Machado de Assis tratou com sua habitual maestria, e sem
ambigüidades, dessa questão na crônica que publicou, em 14 de fevereiro de
1897, na coluna “A Semana” do jornal “Gazeta de Notícias”, intitulada “O homem
que briga lá fora”. Referia-se a Antonio Vicente Mendes Maciel, líder da
rebelião de Canudos – que só foi sufocada após quatro incursões militares, com
grande contingente de soldados e armas pesadas, como modernos (para a época) e
potentes canhões. Em três batalhas anteriores, seus homens, sem nenhum
adestramento para combate e dispondo, apenas, de rústicas espingardas, dessas
de se carregar pela boca, haviam sido vencedores.
Machado de Assis escreveu a propósito: “Conheci ontem o que
é celebridade. Estava comprando gazetas a um homem que as vende na calçada da
Rua de S. José, esquina do Largo da Carioca, quando vi chegar uma mulher
simples e dizer ao vendedor com voz descansada:
— Me dá uma folha que traz o retrato desse homem que briga
lá fora.
— Quem?
— Me esqueceu o nome dele”.
E na sequência, Machado comenta: “Leitor obtuso, se não
percebeste que ‘esse homem que briga lá fora’ é nada menos que o nosso Antônio
Conselheiro, crê-me que és ainda mais obtuso do que pareces. A mulher
provavelmente não sabe ler, ouviu falar da seita dos Canudos, com muito
pormenor misterioso, muita auréola, muita lenda, disseram-lhe que algum jornal
dera o retrato do Messias do sertão, e foi comprá-lo, ignorando que nas ruas só
se vendem as folhas do dia. Não sabe o nome do Messias; é ‘esse homem que briga
lá fora’. A celebridade, caro e tapado leitor, é isto mesmo. O nome de Antônio
Conselheiro acabará por entrar na memória desta mulher anônima, e não sairá
mais...” Será que entrou? Bem, se isso ocorreu não foi, certamente, por pleno
conhecimento de causa. Foi pelo que ela leu (caso soubesse ler), sem questionar
o teor dos textos e sem nunca colocar em dúvida sua veracidade.
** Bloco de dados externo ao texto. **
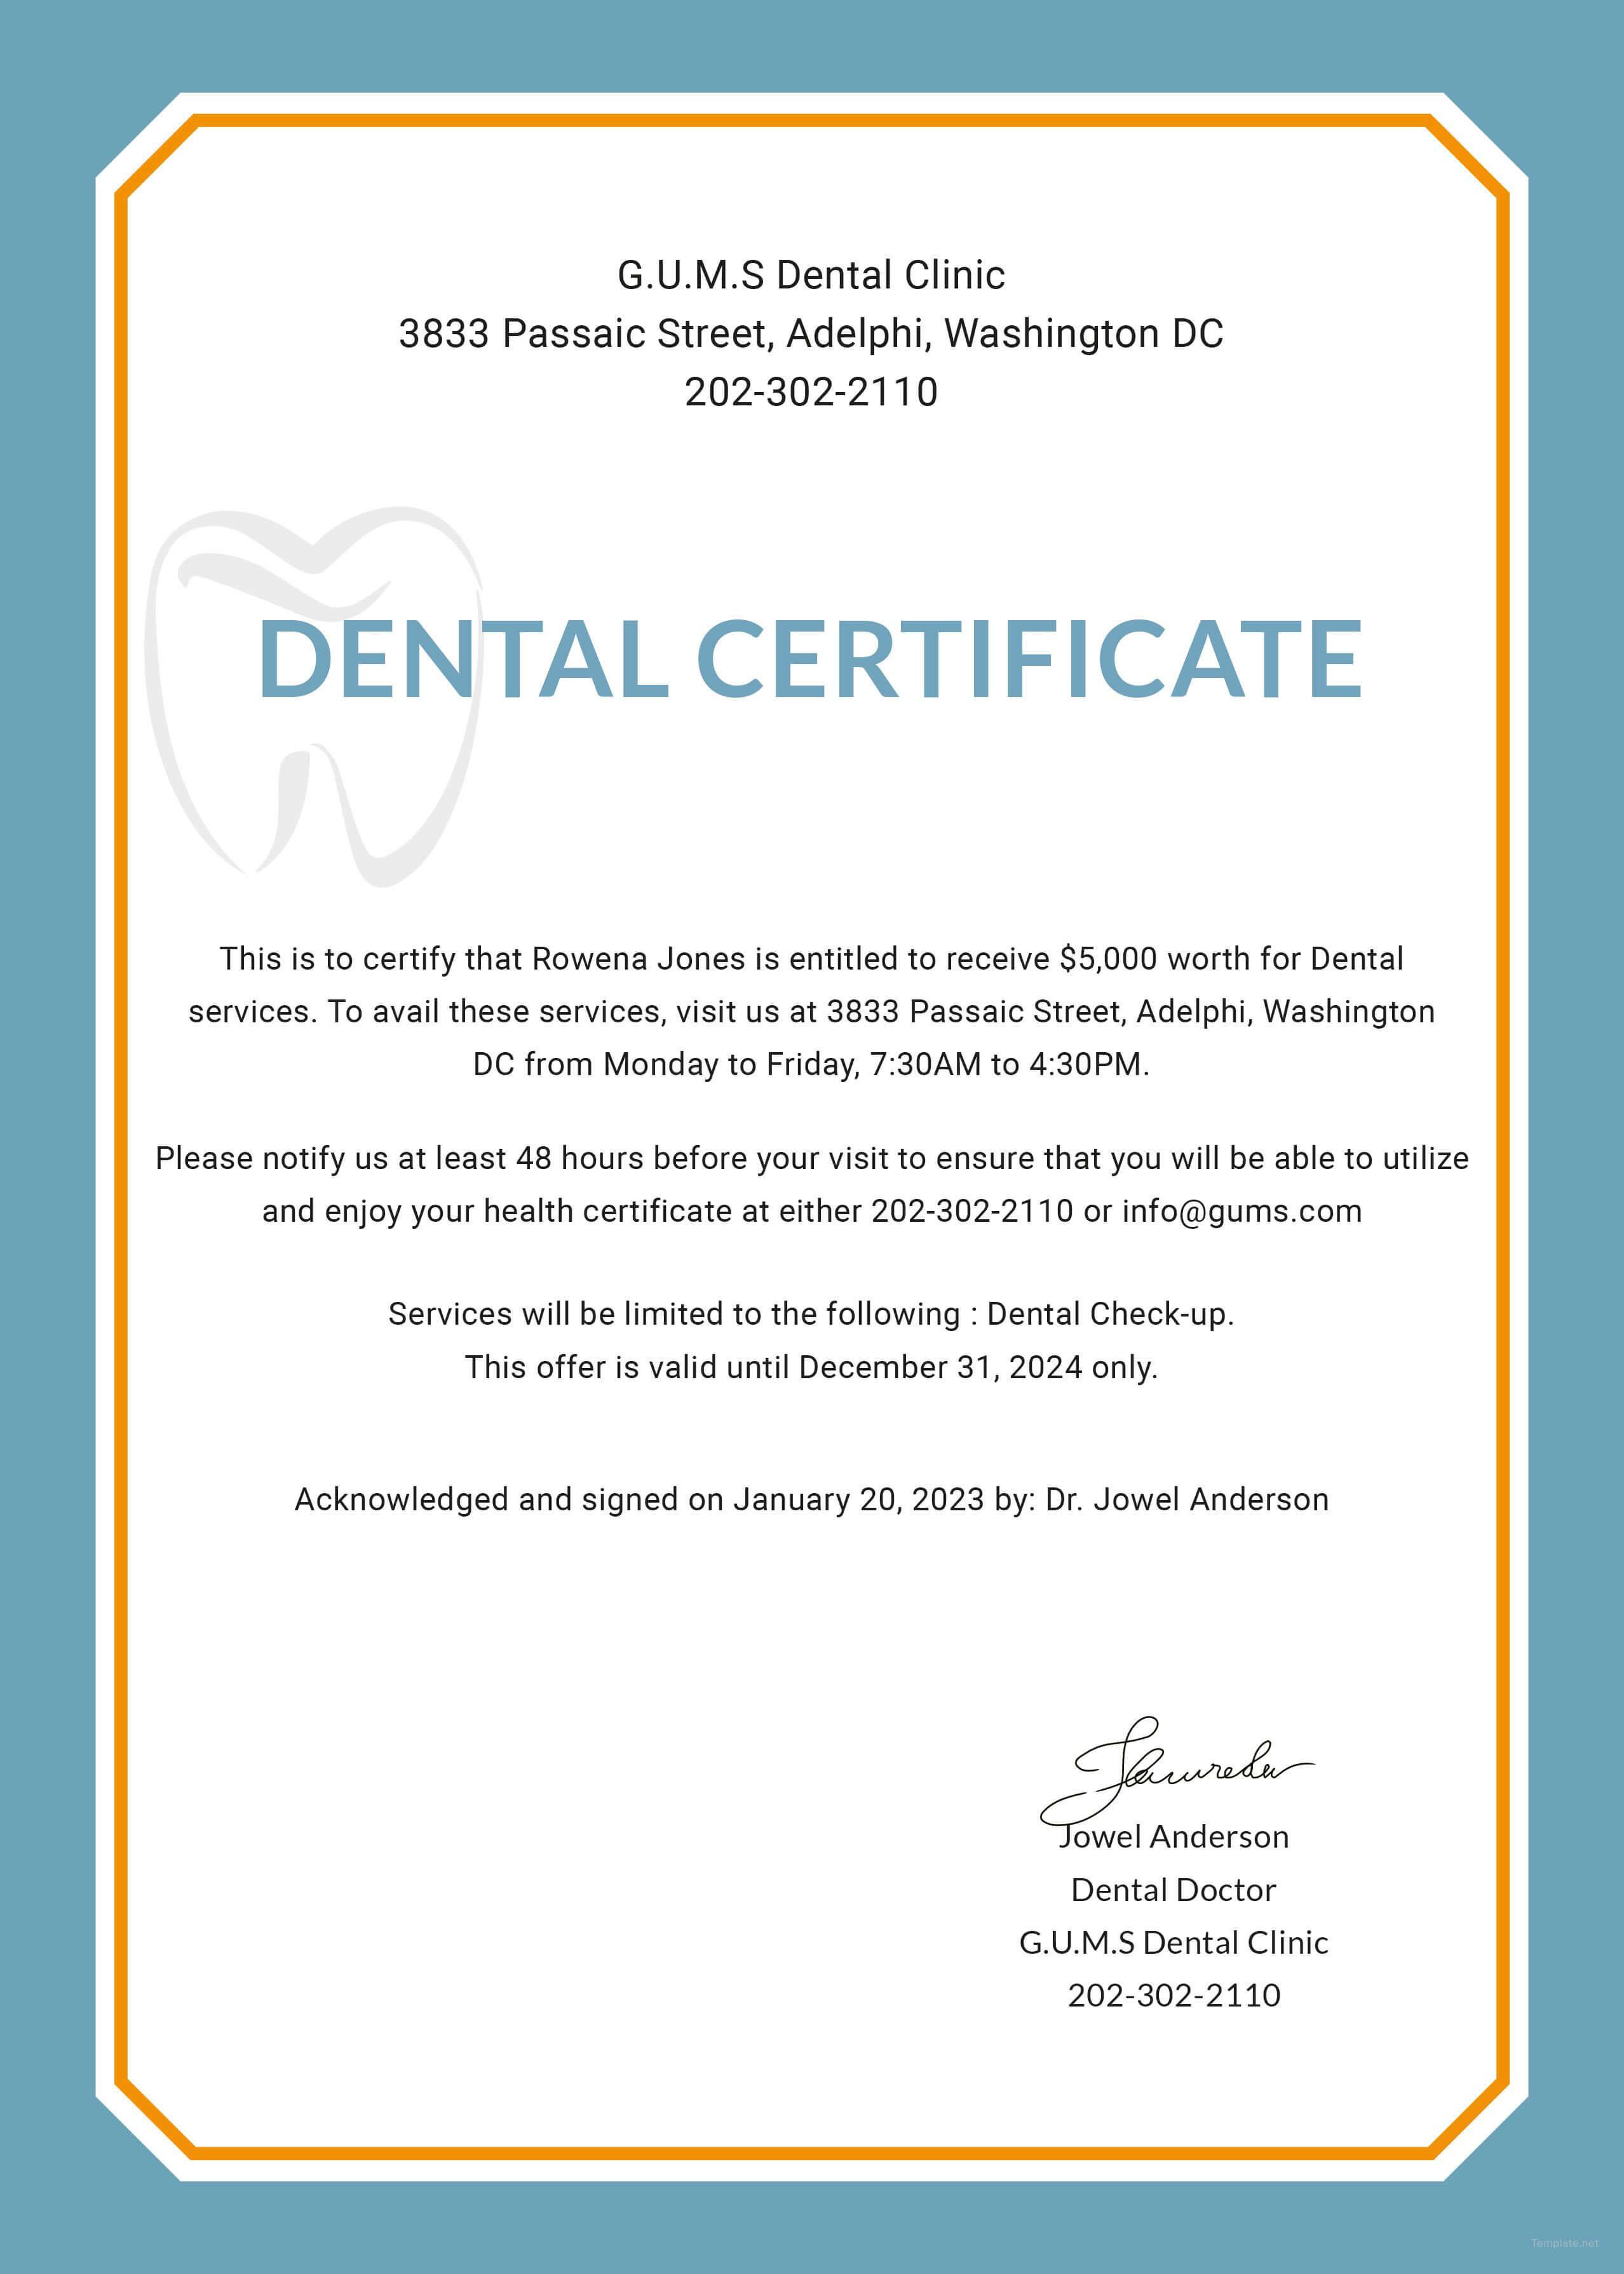 Free Dental Medical Certificate Sample | Free Dental, Dental Within Fake Medical Certificate Template Download

Machado escreveu, ainda, nessa reveladora crônica: “Esta é a
celebridade. Outra prova é o eco de Nova York e de Londres onde o nome de Antônio
Conselheiro fez baixar os nossos fundos. O efeito é triste, mas vê se tu,
leitor sem fanatismo, vê se és capaz de fazer baixar o menor dos nossos
títulos”. Isso tudo é muito diferente do que ocorre hoje, tanto no País quanto
no Exterior, diante de alguma mera “suspeita”, transformada em “denúncia”, das
tantas que pipocam por aí, sobre alguma autoridade, antes mesmo de haver
qualquer prova que a fundamente? Ora, ora, ora... Trata-se do lado negativo,
perverso e implacável, da celebridade.
O que irritava, particularmente, Machado de Assis era a
forma como os acontecimentos de Canudos eram noticiados. Nenhum jornal havia,
até então, enviado repórter próprio para a área de conflito. As reportagens
baseavam-se, todas, em telegramas enviados pelas autoridades locais para o Rio
de Janeiro ou em boatos a propósito que circulavam em profusão. Ora, tais
fontes, até estátuas de pedra perceberiam, eram “poluídas”, já que a única
versão, que a imprensa acatava sem contestar, era de uma das partes
interessadas. E esta... óbvio, não era a dos rebelados. Mesmo quando Euclides
da Cunha foi destacado para cobrir o conflito, sua versão (posto que genial,
dada sua erudição e conhecimento de causa) não deixava de ser parcial. Era do
ponto de vista de quem combatia os rebeldes (destaque-se que ele era, antes de
tudo, militar).
Em 13 de agosto de 2011 escrevi um texto a respeito,
intitulado “A guerra no sertão”. Na ocasião, ainda não havia lido as crônicas
de Machado de Assis sobre o Conselheiro. Escrevi, então: “A bibliografia a
respeito (da Guerra de Canudos) – nacional e internacional – é vasta. Desde
Euclides da Cunha, com seu clássico ‘Os Sertões’, ao peruano Mário Vargas
Llosa, com ‘A Guerra do Fim do Mundo’, livros de todos os gêneros – da análise
histórica a romance –, foram escritos a esse propósito. Mas a maioria das obras
segue o mesmo tom da época dos acontecimentos, enfocados fartamente pela
imprensa, em especial a do Rio de Janeiro, capital da República de então.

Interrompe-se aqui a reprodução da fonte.